School of Foreign Languages, Hunan University, Changsha, China.
School of Foreign Languages, Hunan First Normal University, Changsha, China.
J Speech Lang Hear Res. 2023 Nov 9;66(11):4363-4379. doi: 10.1044/2023_JSLHR-23-00356. Epub 2023 Oct 20.
Capturing phonation types such as breathy, modal, and pressed voices precisely can facilitate the recognition of human emotions. However, little is known about how exactly phonation types and decoders' gender influence the perception of emotional speech. Based on the modified Brunswikian lens model, this article aims to examine the roles of phonation types and decoders' gender in Mandarin emotional speech recognition by virtue of articulatory speech synthesis.
Fifty-five participants (28 male and 27 female) completed a recognition task of Mandarin emotional speech, with 200 stimuli representing five emotional categories (happiness, anger, fear, sadness, and neutrality) and five types (original, copied, breathy, modal, and pressed).
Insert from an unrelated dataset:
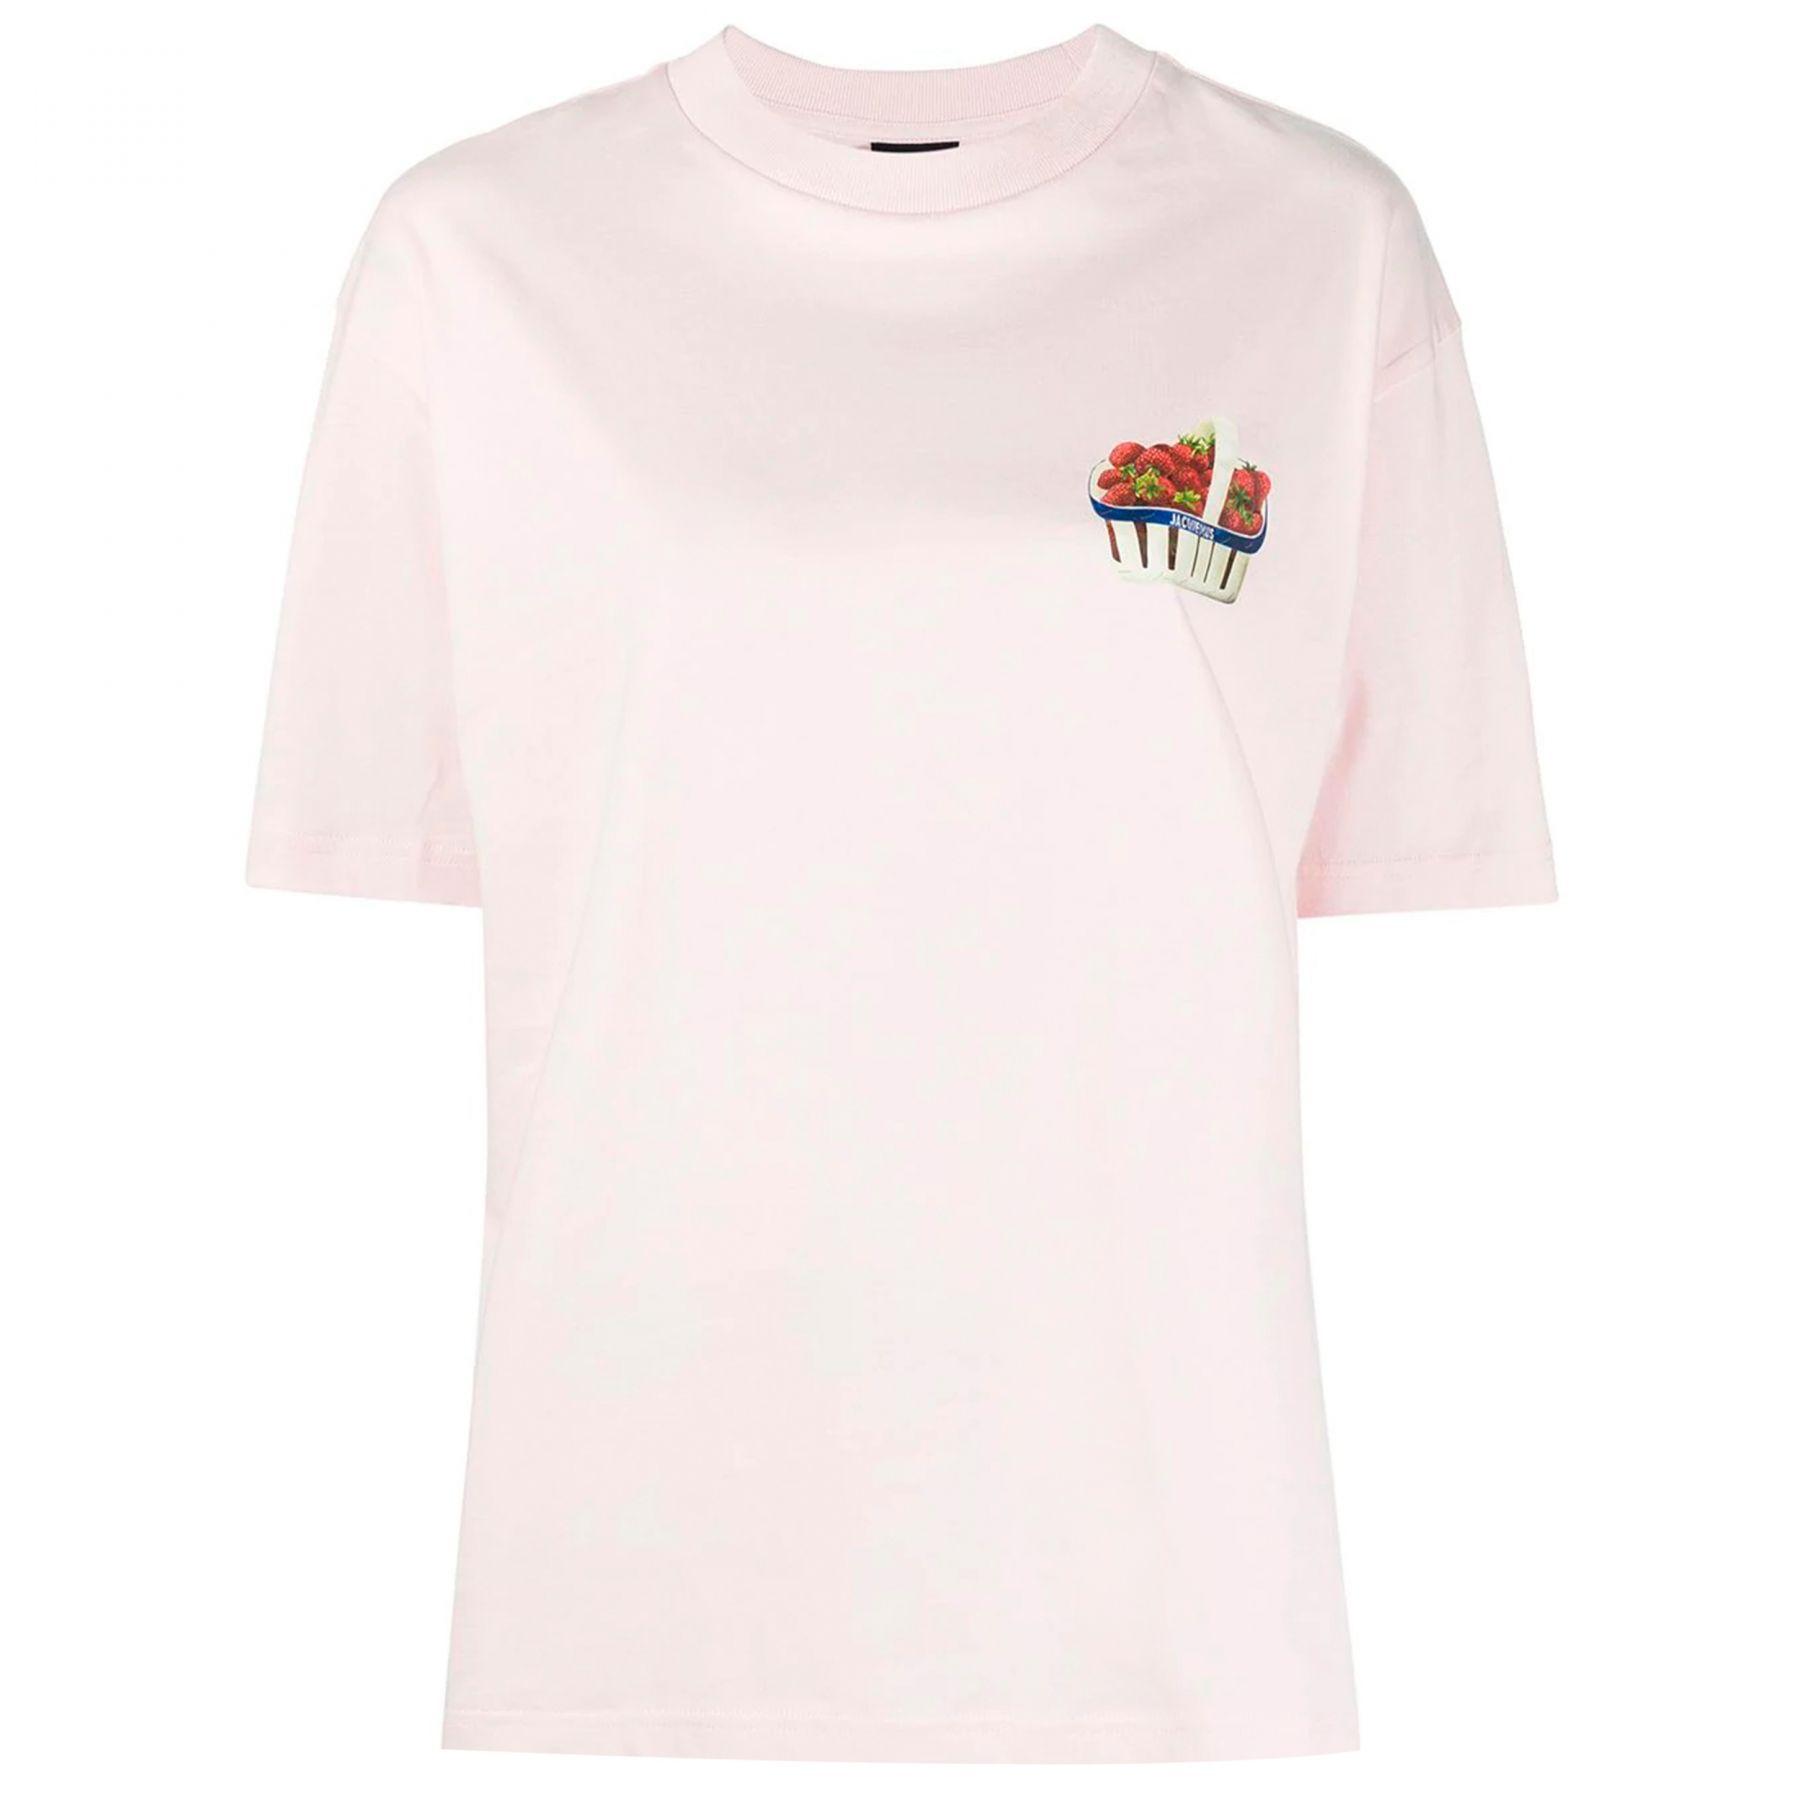 Футболка Jacquemus Fraises розовая

Repeated-measures analyses of variance were performed to analyze recognition accuracy and confusion data.
For male and female decoders, the recognition accuracy of anger from pressed stimuli and fear from breathy stimuli was high; across all phonation-type stimuli, the recognition accuracy of sadness was also high, but that of happiness was low. The confusion data revealed that in recognizing fear from all phonation-type stimuli, female decoders chose fear responses more frequently and neutral responses less frequently than male decoders. In recognizing neutrality from breathy stimuli, female decoders significantly reduced their choice of neutral responses and misidentified neutrality as anger, while male decoders mistook neutrality from pressed stimuli for anger.
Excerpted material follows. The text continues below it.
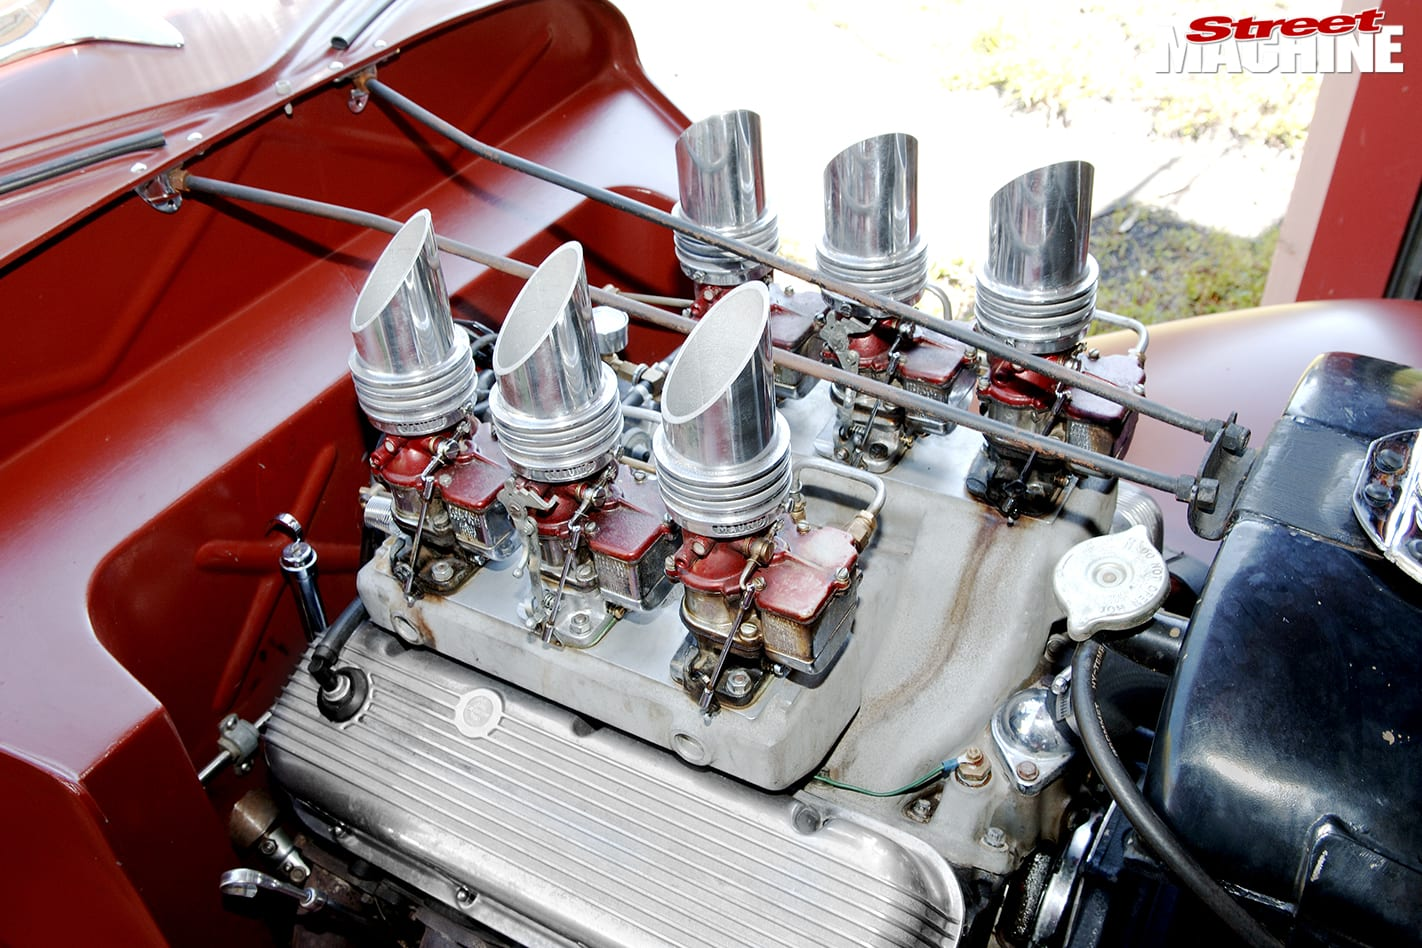 Hot Rod engine bay

This study revealed that, in Mandarin, phonation types play crucial roles in recognizing anger, fear, and neutrality, while the recognition of sadness and happiness seems not to depend heavily on phonation types. Moreover, the decoders' gender affects their recognition of neutrality and fear. These findings support the modified Brunswikian lens model and have significance for diagnosis and intervention among clinical populations with hearing impairment or gender-related psychiatric disorders.
准确捕捉声门类型(如气息声、中间声和压挤声)可以促进对人类情感的识别。然而,对于声门类型和声门类型解码器的性别如何影响情感语音的感知,我们知之甚少。基于修正的 Brunswikian 镜头模型,本文旨在通过发音语音合成技术,研究声门类型和声门类型解码器的性别在普通话情感语音识别中的作用。
55 名参与者(28 名男性和 27 名女性)完成了普通话情感语音识别任务,其中 200 个刺激代表五个情感类别(快乐、愤怒、恐惧、悲伤和中性)和五种类型(原声、复制声、气息声、中间声和压挤声)。对识别准确率和混淆数据进行重复测量方差分析。
对于男性和女性解码器,压挤声刺激的愤怒识别和气息声刺激的恐惧识别准确率较高;在所有声门类型刺激中,悲伤的识别准确率也较高,但快乐的识别准确率较低。混淆数据显示,在识别所有声门类型刺激的恐惧时,女性解码器比男性解码器更频繁地选择恐惧反应,较少选择中性反应。在识别气息声刺激的中性时,女性解码器显著减少了对中性反应的选择,将中性误识别为愤怒,而男性解码器则将压挤声刺激的中性误识别为愤怒。
本研究表明,在普通话中,声门类型在识别愤怒、恐惧和中性方面起着关键作用,而悲伤和快乐的识别似乎不依赖于声门类型。此外,解码器的性别影响他们对中性和恐惧的识别。这些发现支持修正的 Brunswikian 镜头模型,对有听力障碍或与性别相关的精神障碍的临床人群的诊断和干预具有重要意义。